Saturday, April 11, 2009

Simplicity:Duplicity?


I was so pleased to be out again. Sitting among my friends, with the tribe and at the first fires. I admit that I had been lax in my duties since we reached the southern grounds. I had left it for Fonce to secure the wagon and handle all the dirty work, literally. I do not think he minds much, it is just part of his day I suppose. I still have found no real way to show my appreciation. Without him I would not be able to attend to my daughter as much as I have.

This afternoon when I made my way back to the fires I sat beside Fonce, I normally do sit beside him, or walk with him. He is, to put it bluntly, my security blanket. He is the man in my life right now, my guardian and in effect, my daughters guardian. He is my family. So I sat beside him. It is how I mentally hold his hand. Sitting beside him has the same effect on me as his hand on the small of my back would. It gently pushes me forward.. even when I do not wish to go forward.

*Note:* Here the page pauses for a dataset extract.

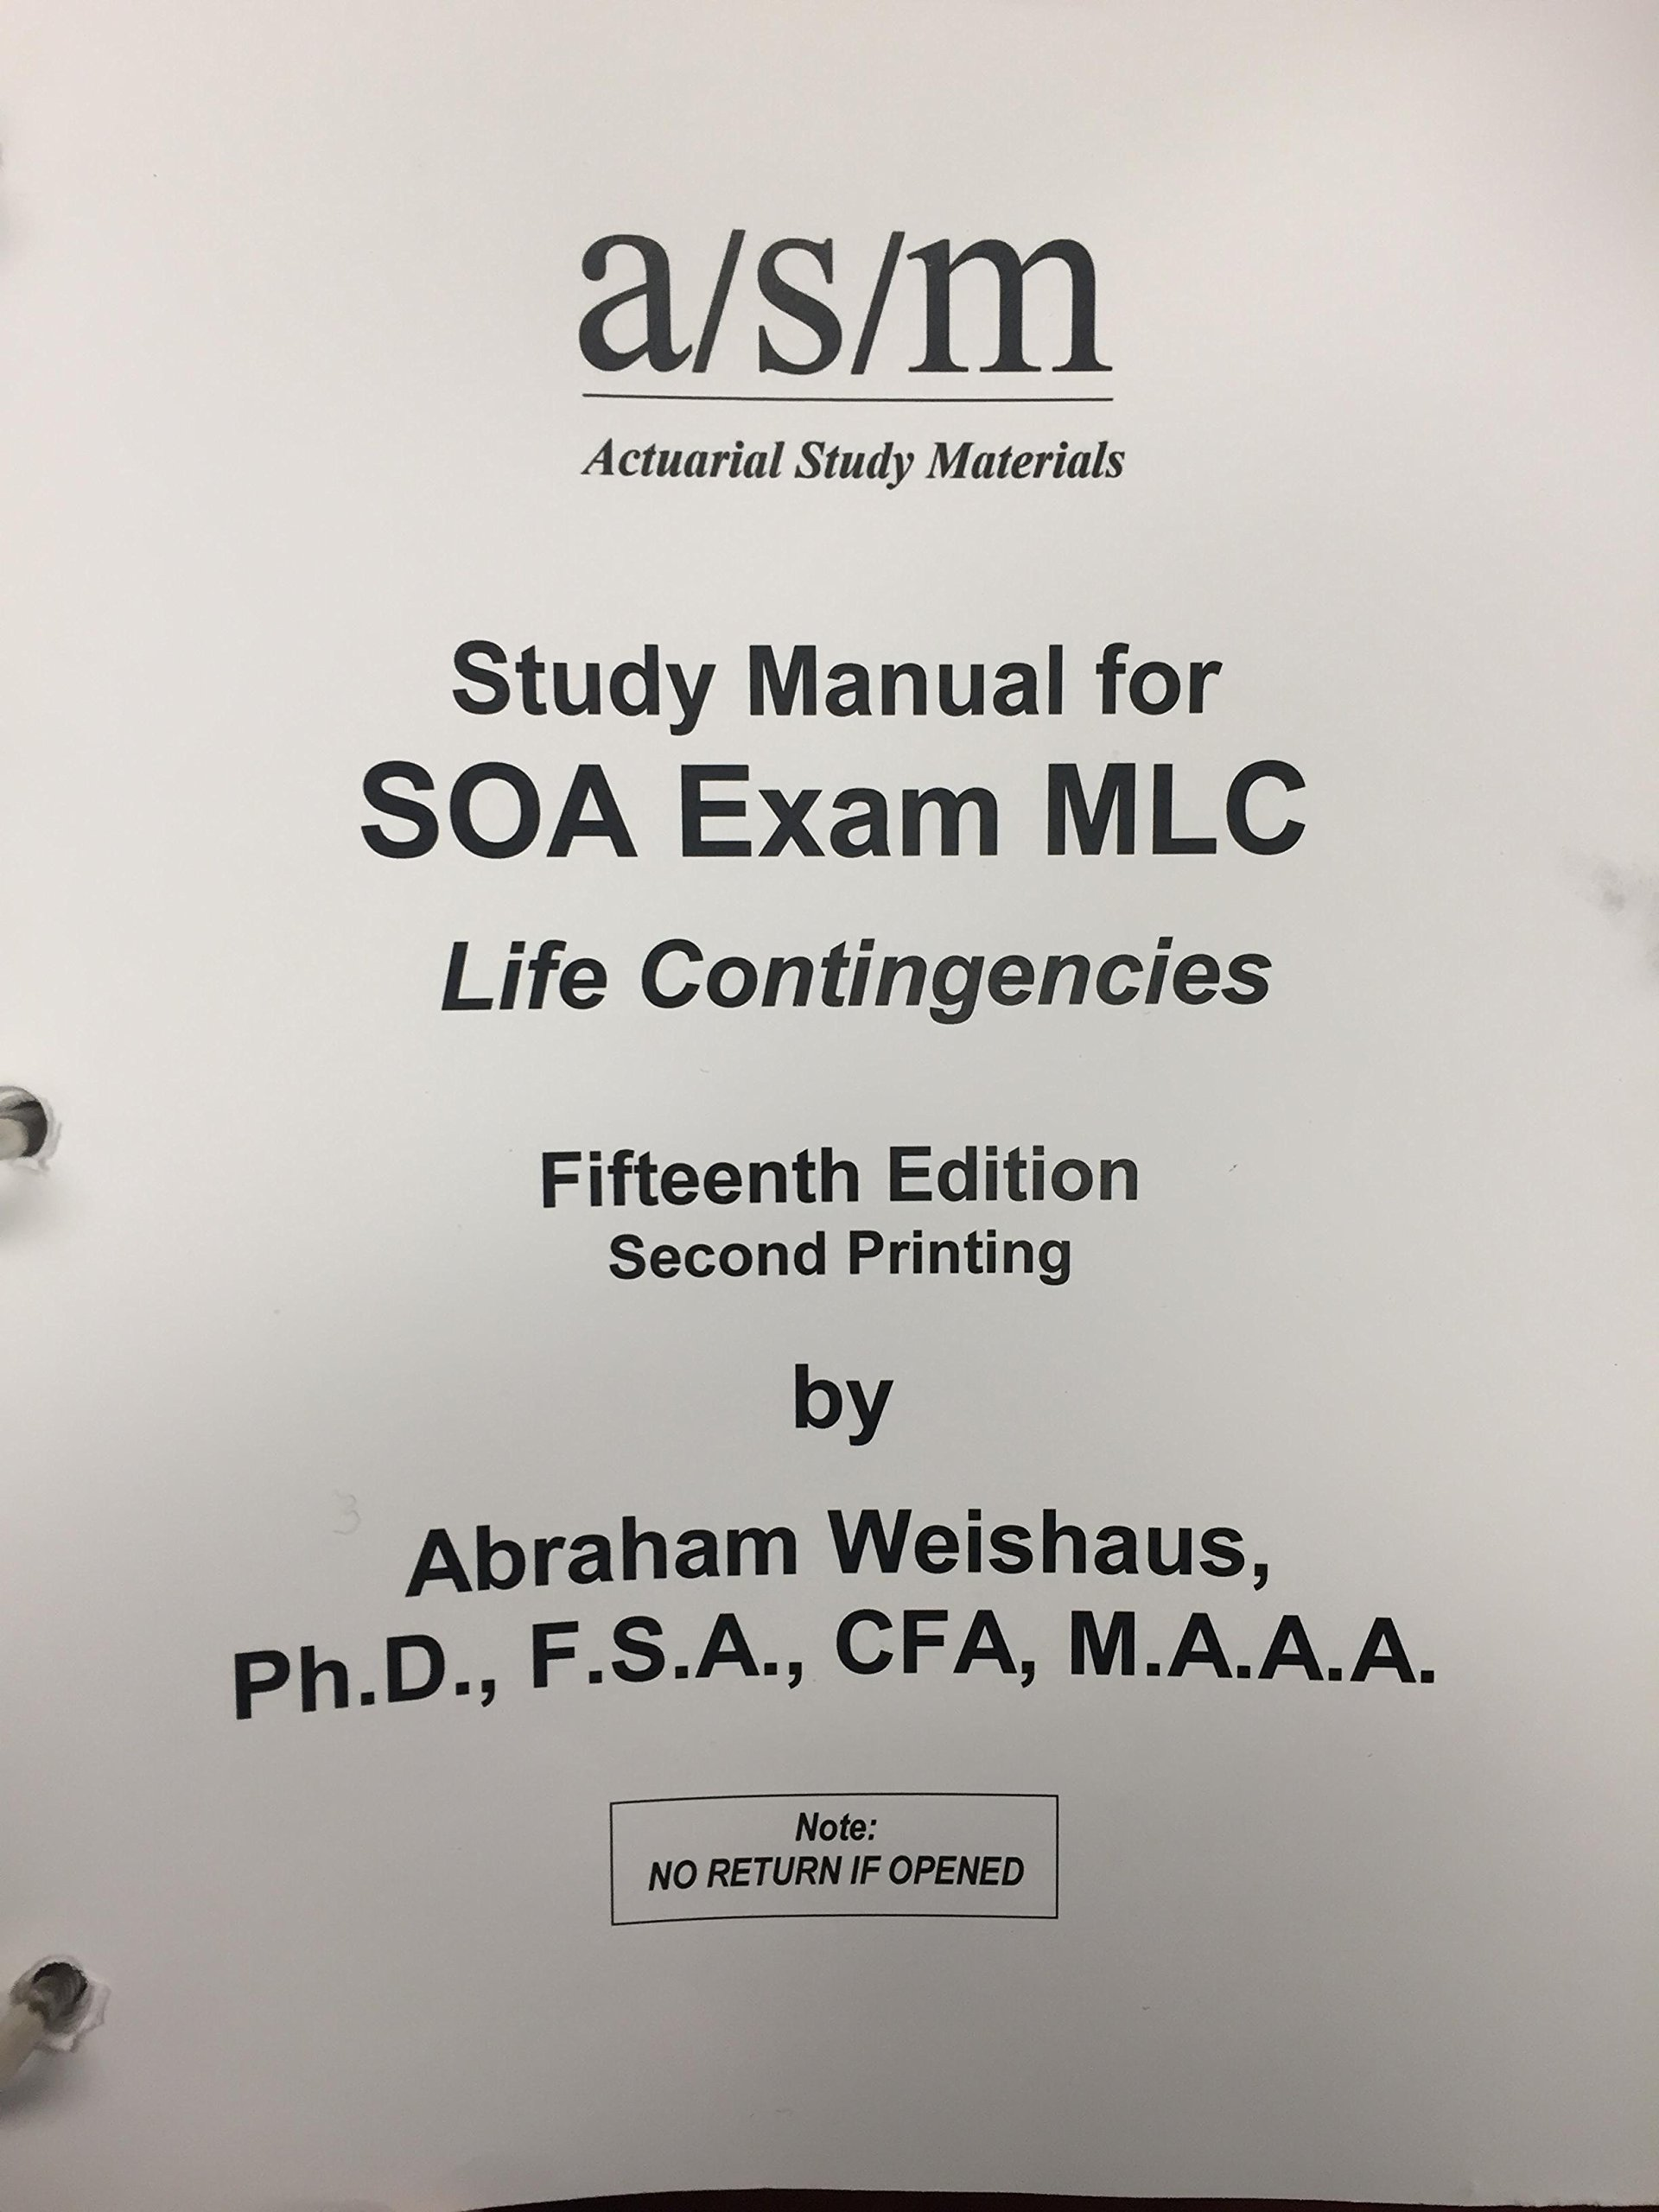 asm study manual for exam mlc abraham weishaus 9781625428721 rh amazon com Colorado CDL Study Manual asm study manual for exam mlc

Today though when I sat beside him.. Seveya immediately got up and walked away. I suppose if she had continued to joke and talk I would have thought little of it but she did not. In fact she stopped speaking all together and looked at me in a strange way a few times. Then Fonce left, he left suddenly as he always does. In a hurry to return to some forgotten task. Perhaps he had forgotten to oil a strap, feed a Kaiila, tend to a slave.. a thousand things could pull a man away so quickly but.. now I had to wonder.

Was it me?

Shortly after Seveya left just as suddenly but with much less cheer then she had before. I do not know what could pull away an artisan away so suddenly. But I felt the tension left behind. Next it was my turn and I rose less swiftly then the others. I paused to hug Cana and make sure to smile at Tarra before I returned to make sure my daughter ate a small meal. But all I can think about now..

Was it me?

Did my choice of seat first drive Seveya away from Fonce and then Fonce away from us all? Then Seveya too? I did not like the way that felt. Not one little bit. I was not well versed in the laws of attraction or jealousies. There had always only been Trayu.. who knew how to sooth any jealousy I ever felt with small kisses behind my ear. Skies.. I miss you Trayu, I miss the simplicity of our lives.

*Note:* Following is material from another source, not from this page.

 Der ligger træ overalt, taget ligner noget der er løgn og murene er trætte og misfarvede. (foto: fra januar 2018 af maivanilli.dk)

I do not yet know if I will speak to Fonce about this. Perhaps I should. I should make sure I am not standing in the way of what he wants. I do not know Seveya well enough to bring it up to her. I wouldn't know what to say to her anyway. She is my friend though and I hope I have done nothing to hurt her. I hate feeling like she does not like me. I've never really been disliked by anyone but Rosalita and she counts for little.

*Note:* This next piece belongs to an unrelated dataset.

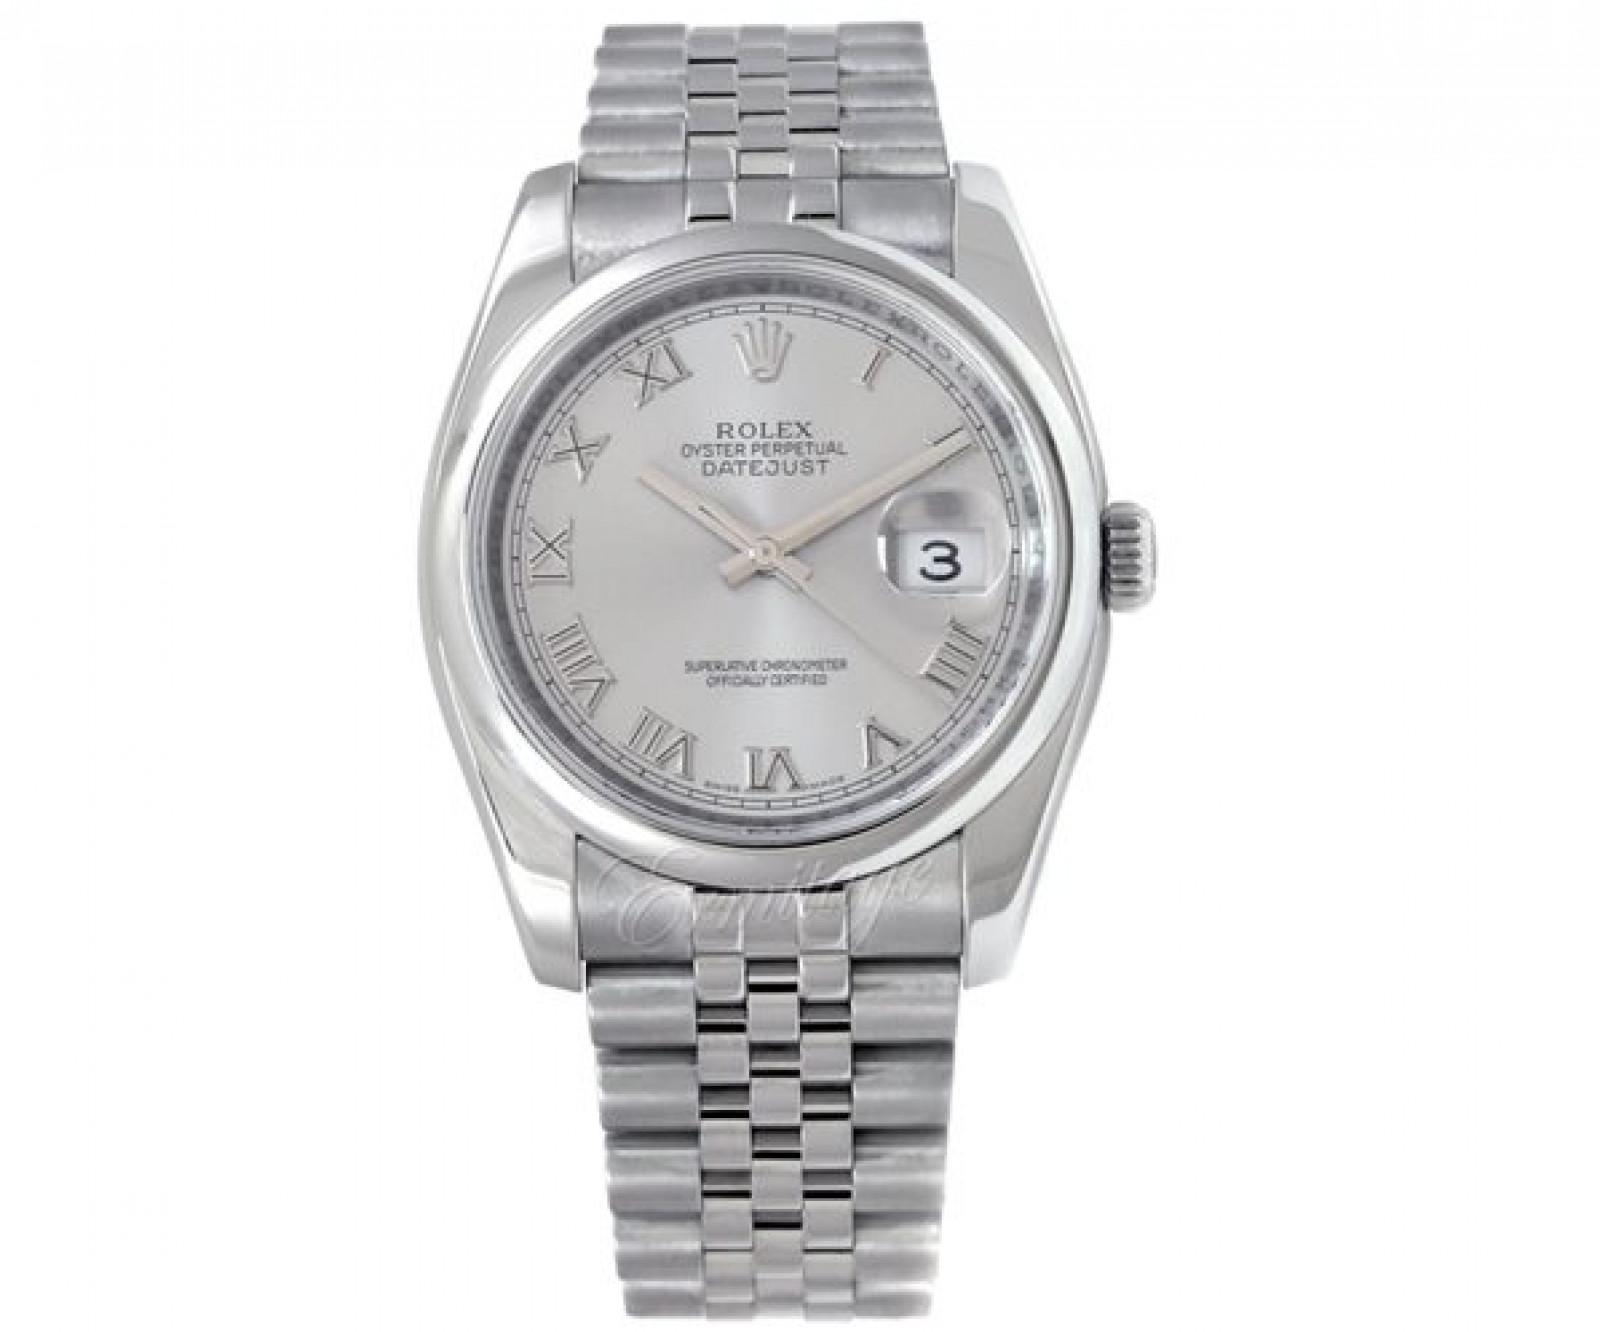 Authentic Rolex Datejust 116200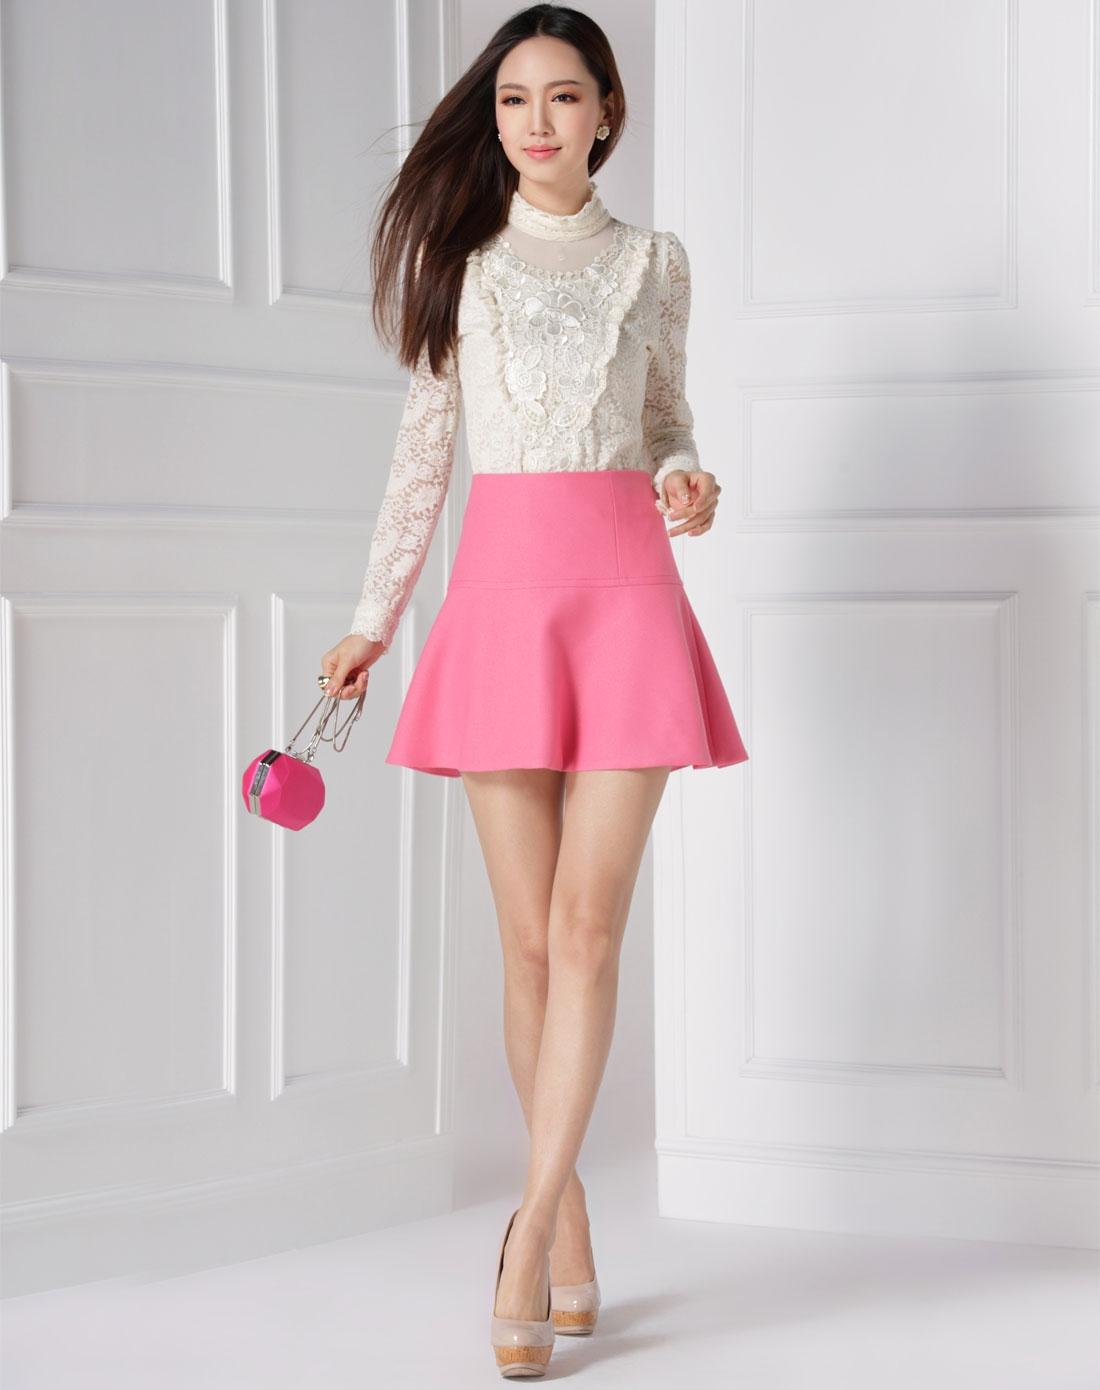 深粉红色甜美可爱

I nearly burned the Tabuk I was roasting for Lei and myself. My thoughts were filling up too much of my head. I sighed and picked off a small sliver of greasy meat. I blew softly on it before placing it in my mouth. Lei stepped out of the wagon and joined me by the early fire with her green painted bowl. I looked down at her and smiled.

If only everything could be as simple as roasting a bit of meat over a fire.

I was.. wild. Or reckless?


I waited until we reached the southern plains but tonight I would wait no more. I had to do this, I had to prove it to myself, to Trayu.. and even a little bit to Fonce. I do not want to be seen as helpless, not completely. I know I need help, I know I cannot do everything on my own but.. I also know that I should always be ready to do it all on my own. Because nothing in this world is promised to us.

Once Lei was sleeping, her cheeks still pale but her strength slowly coming back, I left her tucked safely into the furs. I was quiet as I stepped down into the dust. I did not want to disturb Oren or Mezoos family. Silver seemed to sense what was going on and watched me warily as I neared. “Shh. It is only me, you great brute, Only me.” I spoke to him softly but his gaze never softened.. I was the enemy, and he was still waiting for Trayu. What a poor substitution I was!

He let me climb into the saddle once I secured it and he had the sense to remain nearly silent. He seemed, honestly, to understand what we were about to do. Only the sound of his great clawed feet were heard as we slipped past the wagons. I held my breath as we passed Fonces wagon. I did not really think Fonce would actually stop me but I knew he cared enough to follow me. Maybe cared was too strong a word.. perhaps I should say he would be amused enough to want to watch. The idea made me chuckle and relaxed my shoulders as we neared the stream.

And suddenly Silver was running. I was not ready and threw myself forward, clutching the reigns and swearing at him. He only ran faster, ignoring my commands not matter how loud I shouted them. He was being a horrible hateful beast. We tore past the stream, his great feet sent up splashes of water so big that they soaked the leather pants I wore, shrinking the material to my body.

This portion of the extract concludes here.